The Spirit of the Lord God is on me because the Lord has anointed me to bring good news to the poor.  He has sent me to heal the brokenhearted, to proclaim liberty to the captives and freedom to the prisoners …

Since Jesus read, “recovery of sight to the blind,” which is not in the Hebrew text, we get a snapshot of the Old Testament used by the Jews in the Synagogues: The Septuagint.  There are plenty of other examples, but these are enough for now.

So, the Septuagint was the de facto Old Testament for Jesus and His Apostles, but it is still a translation.  So, we should not ignore the Hebrew text, if only for that reason.  Also, when the Hebrew employs a literary device or form of rhetoric, not in the Septuagint, we can value what they were meant to give the original hearer (like Psalm 145 mentioned earlier).  For something is almost always lost or added during translation.

In the instances when the original Hebrew used “word play” or poetry, not understanding the text in such a way harms what we are to take in from the text.  We find an example of this in a conversation between Jeremiah and God.

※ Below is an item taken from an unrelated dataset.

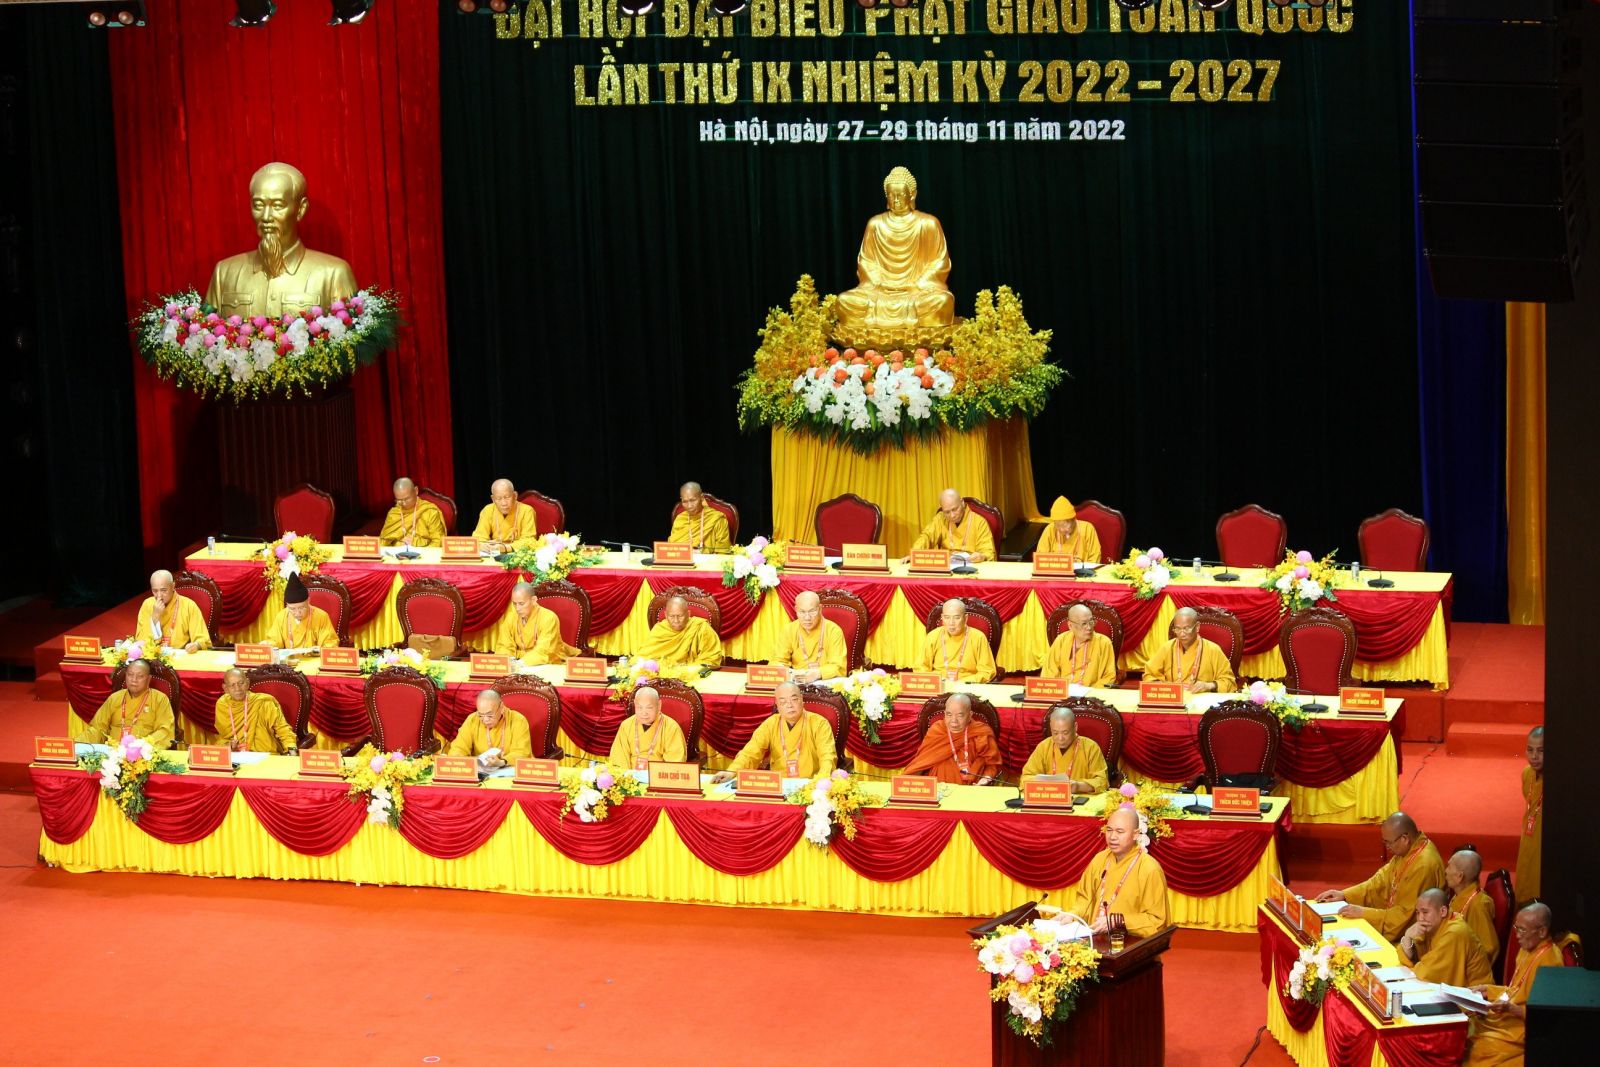 Hơn 1000 Đại biểu hân hoan lễ khai mạc Đại hội Đại biểu Phật giáo toàn quốc lần thứ IX nhiệm kỳ 2022 - 2027

Then the word of the Lord came to me, asking, “What do you see, Jeremiah?”  I replied, “I see a branch of an almond tree [Hebrew, shaked].”  The Lord said to me, “You have seen correctly, for I watch [Hebrew, shoked] over my word to accomplish it.” [Jeremiah 1:11-12]

The meaning conveyed to Jeremiah by God’s response comes in a bit of word play between shaked and shoked.  The word play reveals God is so perceptive that nothing misses His attention.  This shows, with even more vigor, that His word will accomplish what He sends it to do.  “Almond” and “watch” convey none of this extra information.  The form also carries meaning, not simply the content of the words.  We can only get this in the Hebrew, for the Septuagint uses karuinan (almond) and orao (watch).

Ah, let’s do one more since this is fun.  During creation, before God began to bring to the world into a functioning creation, Genesis tells us, “Now the earth was formless and empty” (Genesis 1:2).  The Hebrew is tohu wabohu.  Here we get a rhyme but also the reinforcement of sound.  “Tohu” means something like desolate.  The “wa” functions as an “and” with “bohu” meaning empty.  The combination of these sounds reinforces the desolation and emptiness, with one multiplying the effect of the other.

The Septuagint has aoratas kai akataskeuastos (unseen and unformed).  This conveys the information but turns “tohu vabohu” into two separate ideas since “unseen” and “unformed” are different enough to turn the “and” into a separator.

So, what’s the point of all this?  To study the Old Testament, and even the New Testament, requires looking into both the Hebrew Text and Greek-language Old Testament.  Doing this helps us understand a text more fully, delighting in what God wants us to know.  For if God “bothered” to preserve both for our instruction, how can we not take the effort to learn from both?

This is one reason Jesus has pastors in His Church so they can bring you the whole counsel of God (Acts 20:27).